On Sun, 22 Jun 2003, Jeffrey L. Taylor wrote:

> The early 30GB Onstream required special, proprietary drivers.  The
> later ones worked much better on Linux because the standard drivers
> worked.

I was using it under NT, and crashing the fileserver anytime i went to do
a backup.

>
> > Also, be wary of the Traven drives, I've replaced some of warranty
> > replacements of warranty replacements.  They're fine for about a year and
> > then break.
> >
>
> I have a Seagate STT20000A Travan drive that has been doing daily
> backups for four years.

Better luck than I'm having, we've gone through about..  maybe 20-25
of them in the last couple years, out of an initial purchase of around 12.
Seem to get about 3 years out of the dat drives, and those were DDS3,
which is supposedly a lot less reliable than the DDS4's.

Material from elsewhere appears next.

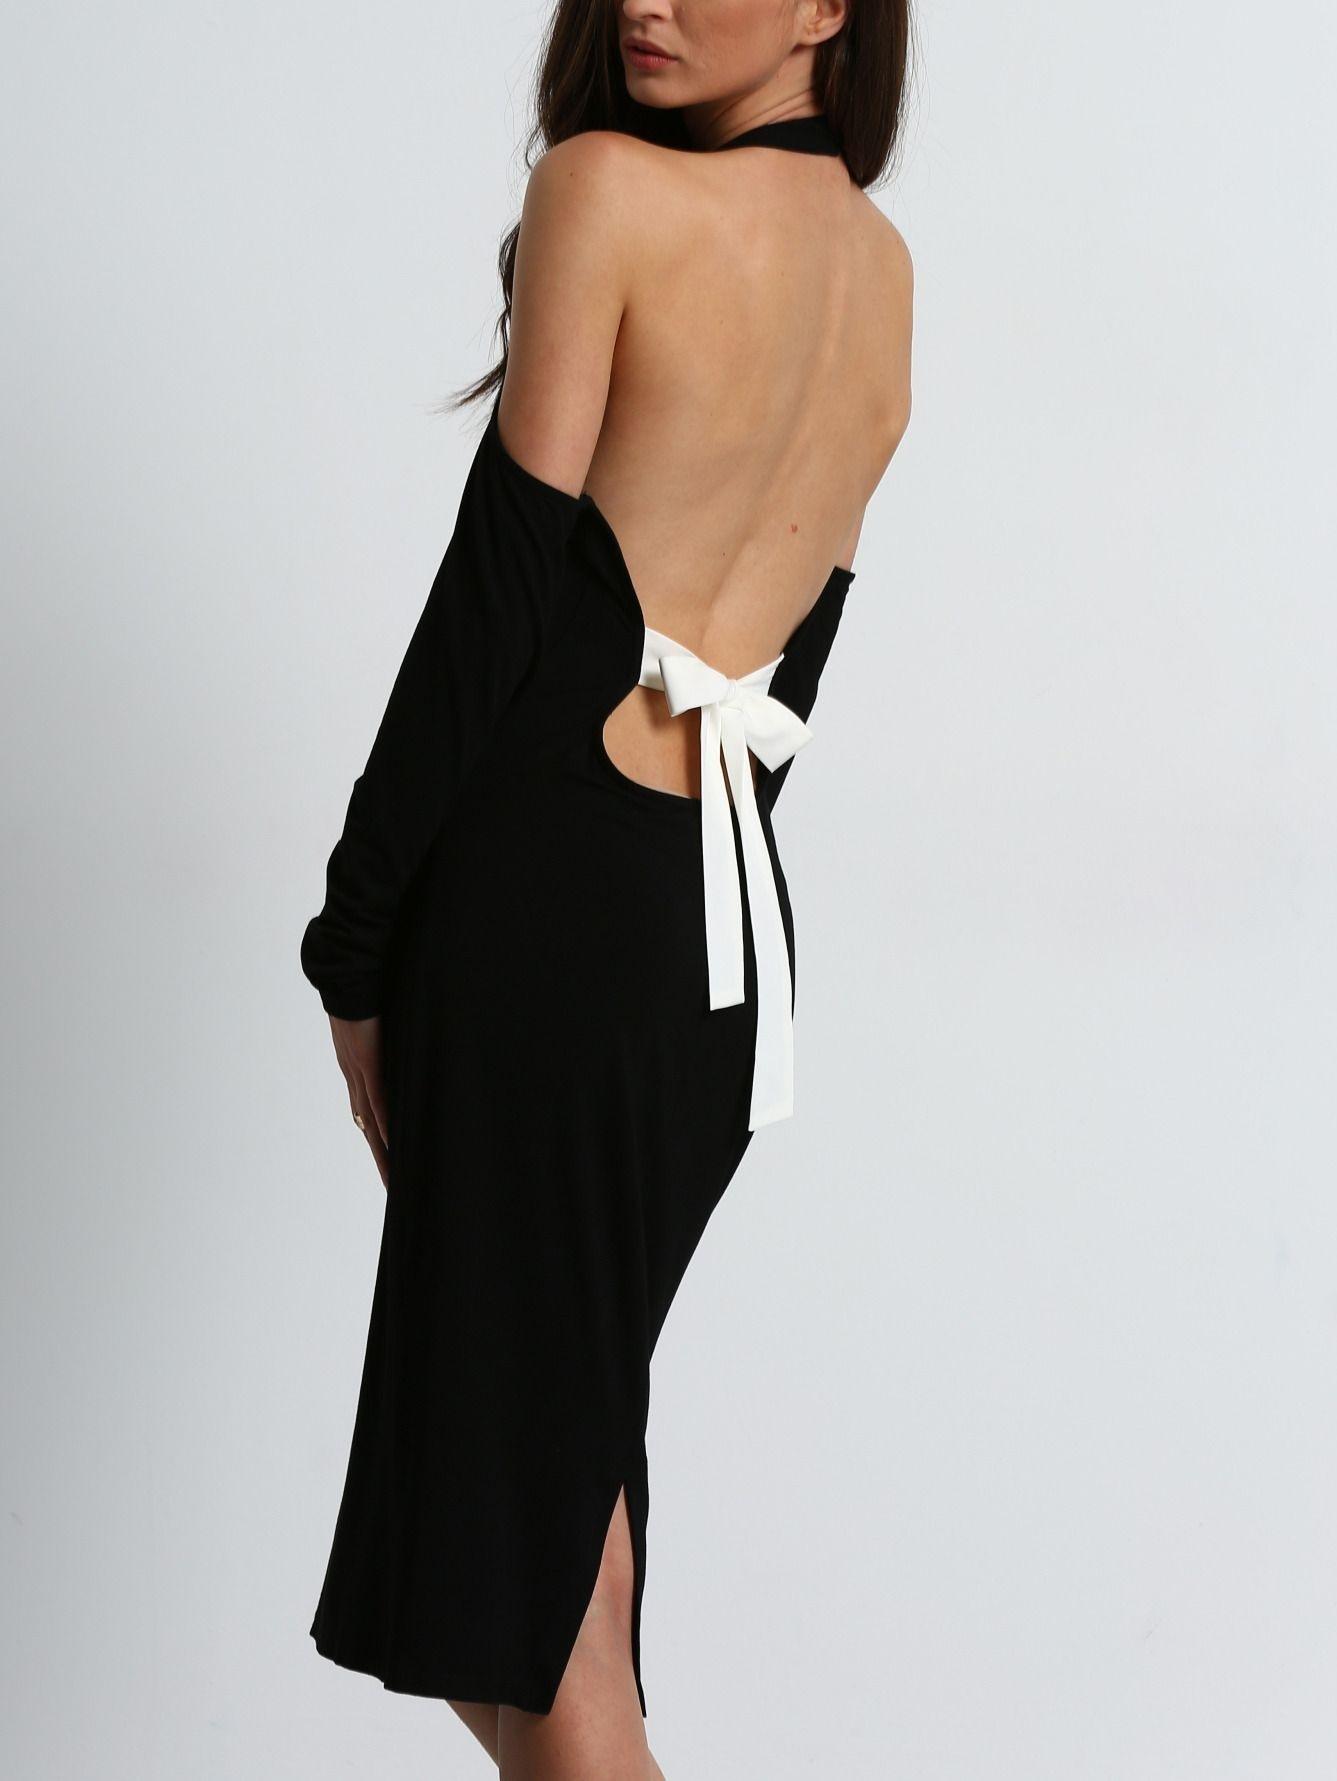 15 Schön Kleid Rückenfrei Boutique20 Coolste Kleid Rückenfrei Stylish

> > Look into DDS-4 drives, I believe the drives are around 600 apiece,
> > and a cheap scsi card.  Tapes are also MUCH cheaper, at about 10-15 dollars
> > apiece.  You could also get a DDS-3 for something like 350ish, and tapes
> > are about 7.
> >
>
> People keep recommending this combination.  I crunch the numbers and
> I'll have to keep it for over a decade before the cheaper media saves
> money.

Well, for a backup set at the office, TR5 would cost me around 500
dollars for tapes.  Doesn't take long for the DDS to make sense

It's all about how many backups you want, how often you make them.